Eis a pior das heranças malditas do petismo ao Brasil

O Globo fez um levantamento em cima de uma década de edições do Anuário Brasileiro de Segurança Pública. A primeira constatação já soa ruim: a taxa de homicídio brasileira subiu de 22,5/100 mil habitantes para 25,7/100 mil. Mas este resultado é muito impactado por estados populosos, como São Paulo, Rio de Janeiro e Paraná, que conseguiram contornar parte do problema. Ao se debruçar sobre a situação de cada região, contudo, percebe-se melhor o caos vivido.

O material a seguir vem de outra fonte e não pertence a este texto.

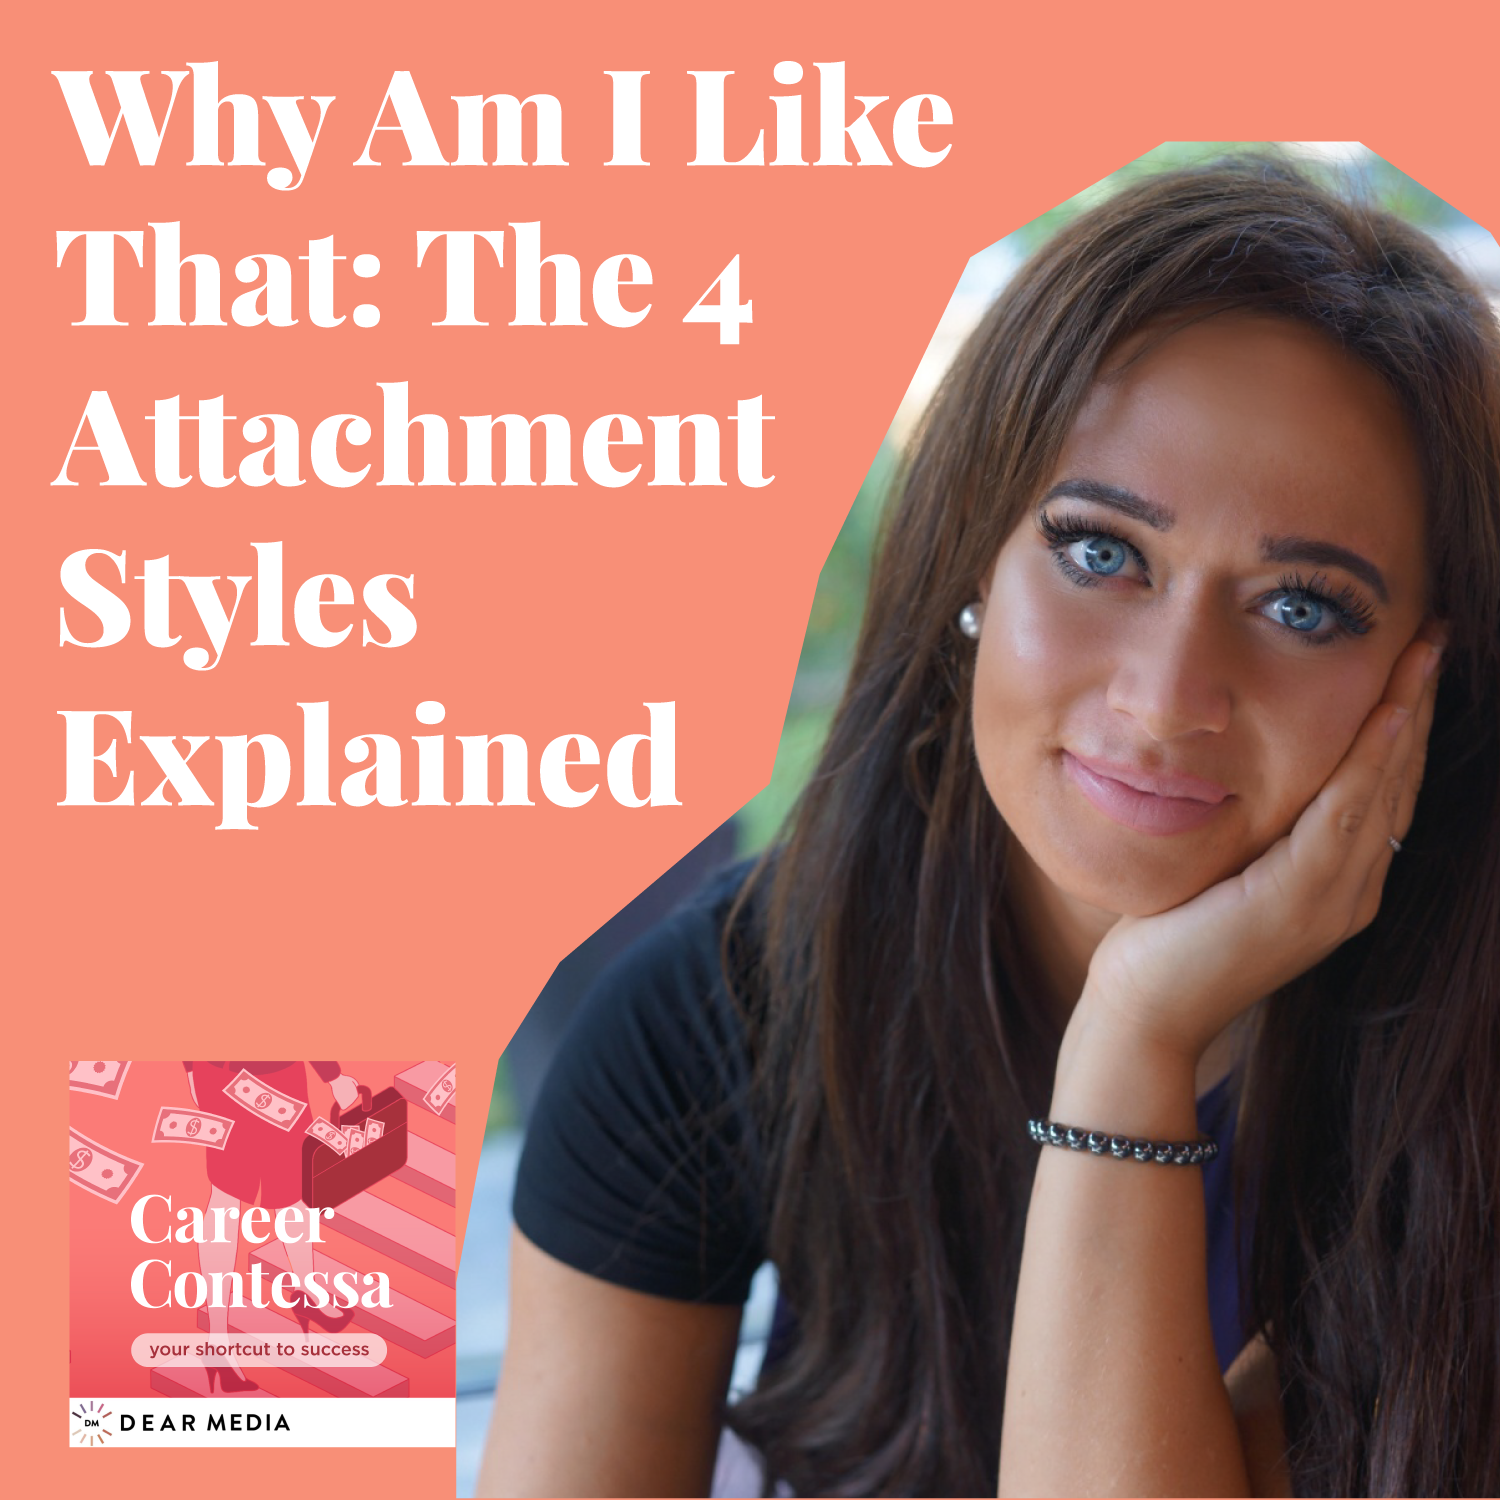 Why Am I Like That: The 4 Attachment Styles Explained Image

Entre 2005 e 2015, a taxa de homicídios piorou em 20 dos 26 estados. Em alguns casos, de forma gritante. A população do Amazonas, Maranhão, Ceará, Rio Grande do Norte, Paraíba e Goiás viu os próprios índices dobrarem. Outras regiões prósperas, como Rio Grande do Sul e Santa Catarina, enfrentaram um crescimento na casa dos 70%. A realidade é insana.

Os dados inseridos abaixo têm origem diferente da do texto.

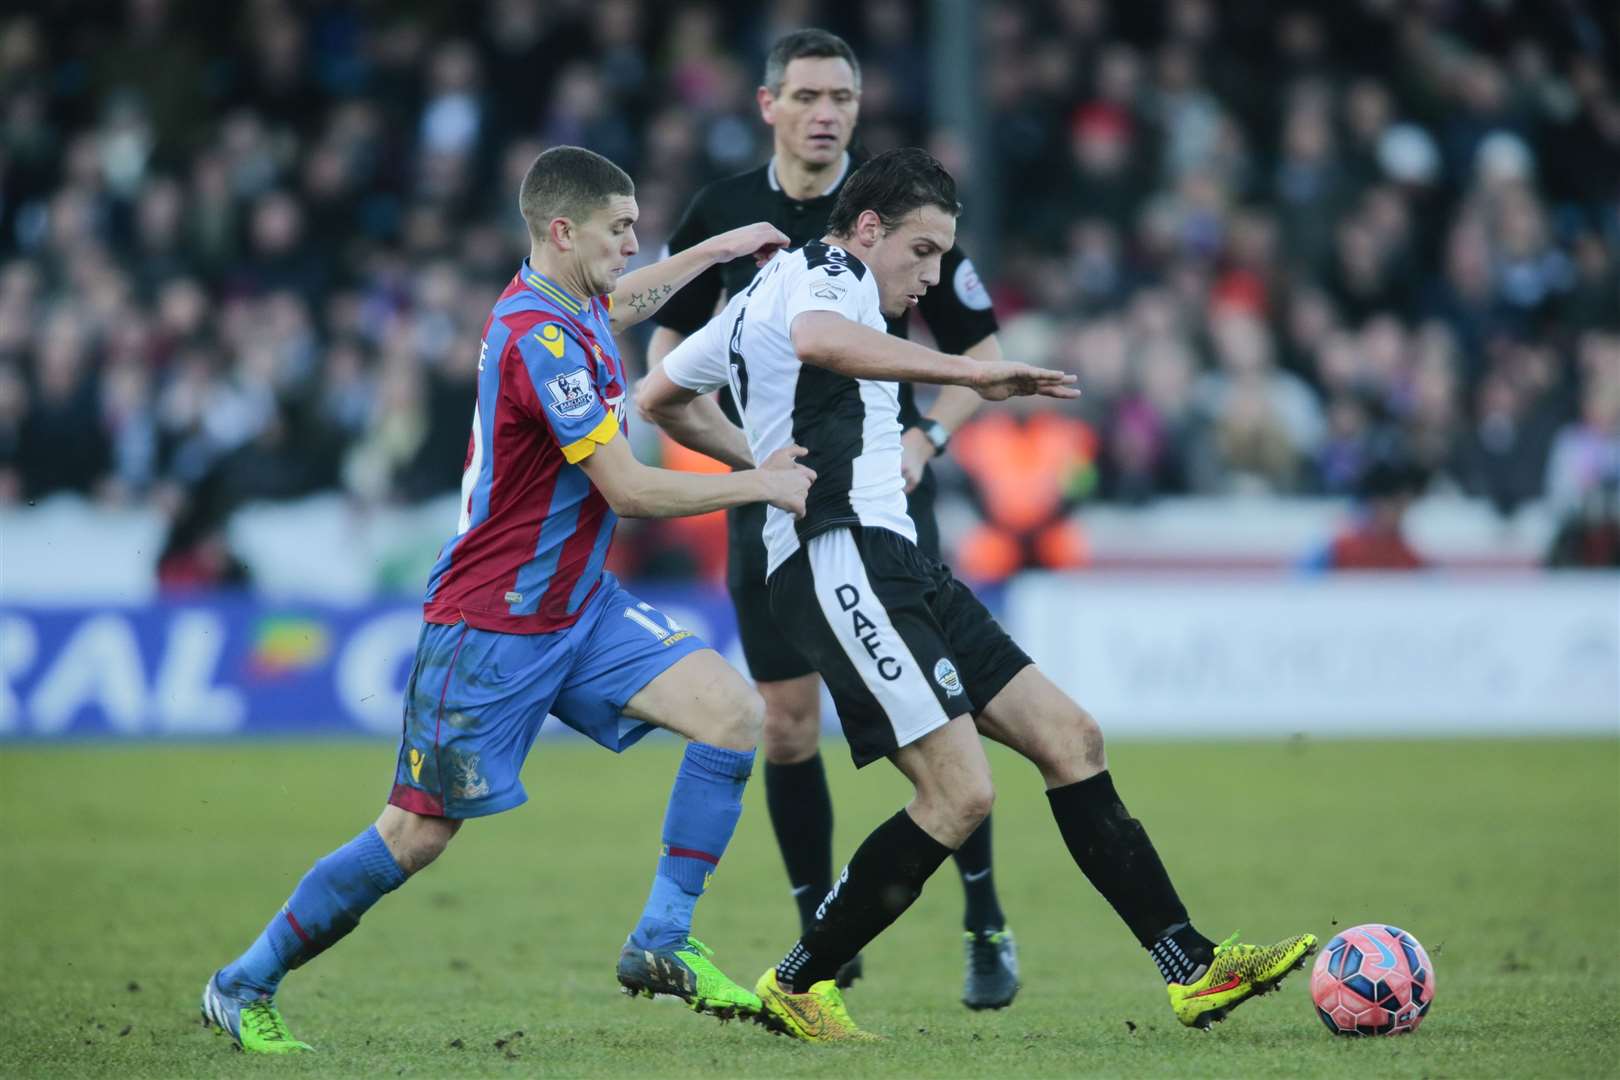 Stuart O'Keefe pressures Dover's Liam Bellamy while playing for Crystal Palace in the FA Cup Picture: Martin Apps

O petismo sempre se livrou da encrenca empurrando a culpa para os governadores, uma vez que o orçamento da segurança pública é destinado a estes. Mas resta evidente que, pela ação de grupos como PCC e Comando Vermelho, o drama é federal. Tanto que o ministro da Justiça do governo Temer não abandona a causa.

O estouro do Mensalão se deu em 2005. A reeleição de Dilma Rousseff proporcionou a ela um segundo mandato em 2015. Nesse intervalo, o Brasil foi drenado pela corrupção. Não tinha como dar certo. E o resultado são os 60 mil assassinatos que flagelam principalmente os mais pobres.